3 kasım seçimleri Türkiye’nin 21.yy’da gerçekleştirdiği ilk seçim.
Türkiye’nin, 21. yüzyıla gelirken içinden geçtiği yüzyılların gereklerini yerine getirmemiş olması ve tabii yeni yüzyılın gerekleri büyük sorumluluklar yüklüyor sırtına.
Geleneksel ve tarihsel geçmişinin dayattıkları bir yana…
20. yüzyılın 25 yılını Türkiye sıkıyönetimle geçirmiş.
15 yılında olağanüstü hal uygulamış.
Toplam 40 yıl sıkıyönetim ve olağanüstü hal içinde yaşamış.
Üç kez askeri darbe görmüş.
Anayasasını dört kez kökten değiştirmiş.
29 kez isyanla karşılaşmış; çok sayıda insanını bu isyanlarda yitirmiş. Son olarak 30 bin insanını teröre kurban vermiş.
Ortalama 1.5 yıl sürmüş 78 hükumet görmüş.
( S.Demirel, Daha Güçlü Cumhuriyet İçin, Radikal gazetesi,30.10.2002)

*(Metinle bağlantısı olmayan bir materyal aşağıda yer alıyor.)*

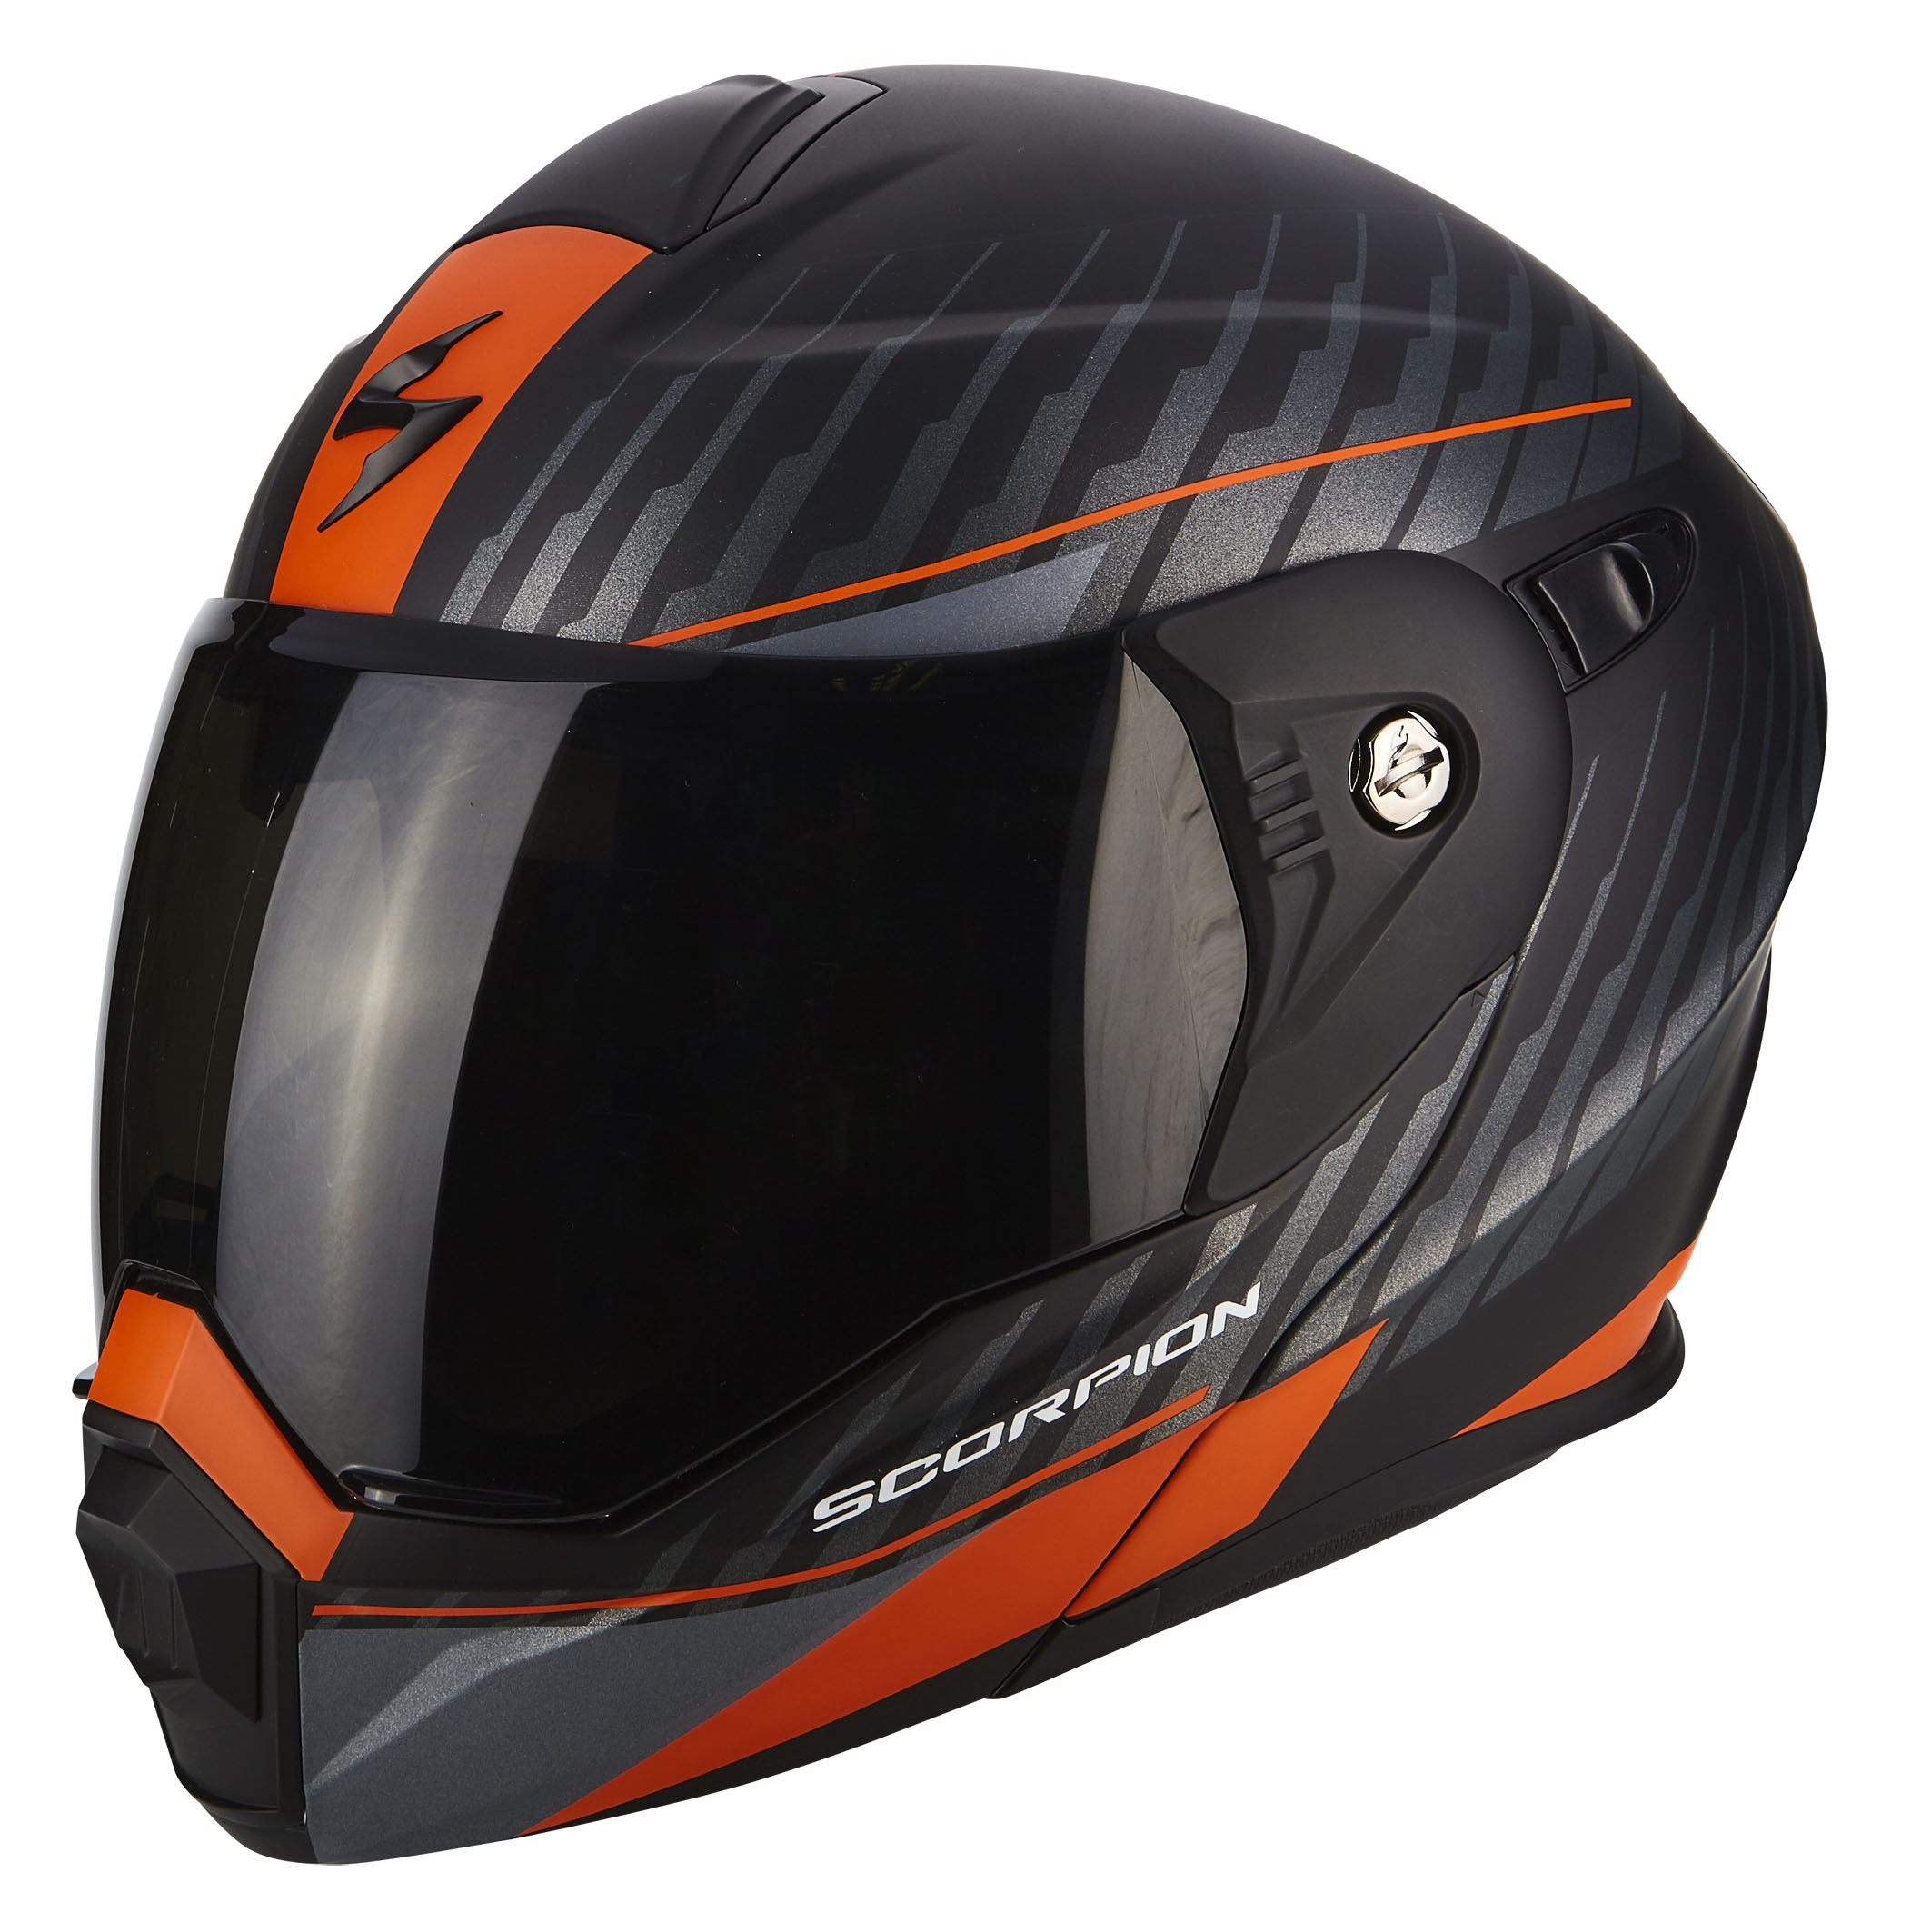 ADX-1 DUAL Matt Black-Silver Orange - 5

Türkiye, kamu yaşamında erkeklerin önde bulunduğu, etkin olduğu bir ülke.
Kamu sağlığı ve Kamu harcamaları 173 ülke arasında 85.sırada…( Radikal, Avrupa Hareketi. 2002, ).
Yine, 173 ülke içinde Türkiye, ortalama yaşam süresi 69.8 yıl, yetişkinlerde okur-yazarlık oranı 85.1, satın alma gücü 6.974, eğitim kalitesi 0.77, ulusal gelir 0.71 düzeylerinde olan bir ülke (Radikal, 25.7.2002, Türkiye’nin kalitesi düştü)
Bir ucu yığınsal köylülükte, diğer ucu militer zihniyette bir tahterevalli olan Türkiye (M.Altan), böyle yapılanmayı bir türlü aşamadı. Ne bireyi öne çıkarabildi ne de güvenlik sendromundan kurtulabildi. Bireyi öne çıkaramayınca kamusallığın öne çıkması önlenemedi. Ekonomi, kültür, eğitim, siyaset hep bu formatın çeşitlendirilmesi ile yürütüldü ve öyle yürütülmeğe de devam ediliyor. Biraz dışına çıkılınca hemen güvenlikten söz ediliyor.
Herkesler de susuyor!…
Türkiye’de 1950’den 1990’a gelindiğinde, tarımla uğraşanların toprakları 100 dekardan 50 dekara indi ve toprak insanları artık sanki boğaz tokluğuna çalışır oldular!.. Ne yazik ki nüfusun % 44- 45 köyde oturmaya ve toprakla uğraşmaya devam ediyor.
Ve hala köykent pompalanıyor!…
Ulusal raporda AB ülkeleriyle aramızda 4 bin noktada geri kalmışlığımız sayılıyor.
Küreselleşme kimi direnmelere karşın bir yığıtaşı olarak ezip geçiyor!..
“Otorite kalecikleri”miz (Ali Bayramoğlu), küreselleşmeye karşı direnedursunlar, ekonomi ve kent kökenli bir milliyetçi dalga, bu hareketi destekler görünüyor. Küreselleşme ise, tüm hızı ve ağırlığı ile dayatıyor.
Siyaset, iç ve dış dinamikleri, çatıştırmadan işletebilmenin, kimi kez dar kimi kez de oldukça geniş bir alanı olarak duruyor orada… Modernitenin temel göstergelerinden yoksunluğumuzun sonucu olarak ortaya çıkan siyasetsizlik, aslında bürokrasinin bastırması ile de çok ilişkili… İç ve dış dinamikleri kullanarak oluşturulacak siyaset ortamı, bürokrasiyi yardımcı bir öğe olarak yedeğinde tutacakken onun dümen suyuna girmiş bulunuyor.
Bunları, postmodernizmin toplumu yoğun etki altına almış olmasıyla açıklamak mümkün görünmüyor. Postmodernist etkilerin olmadığı varsayıldığında, Türkiye toplumunun bugün ortaya koyduğu tablo gerçekleşmeyecek miydi? Hiç sanmıyorum!…
Seçim sürecinde bu konulardan birinin bile ele alındığına tanık olmadık. Bu konular, seçim sonuçlarıyla birlikte 21. yy’da Türkiye’nin yine gündeminde olacak. Türkiye o nedenle AB’ye girmek zorundadır işte. Dış dinamiğin etkinliği ile ancak demokrasiyi ve modernitenin eksikliklerini giderebileceğini düşünmek zorundadır.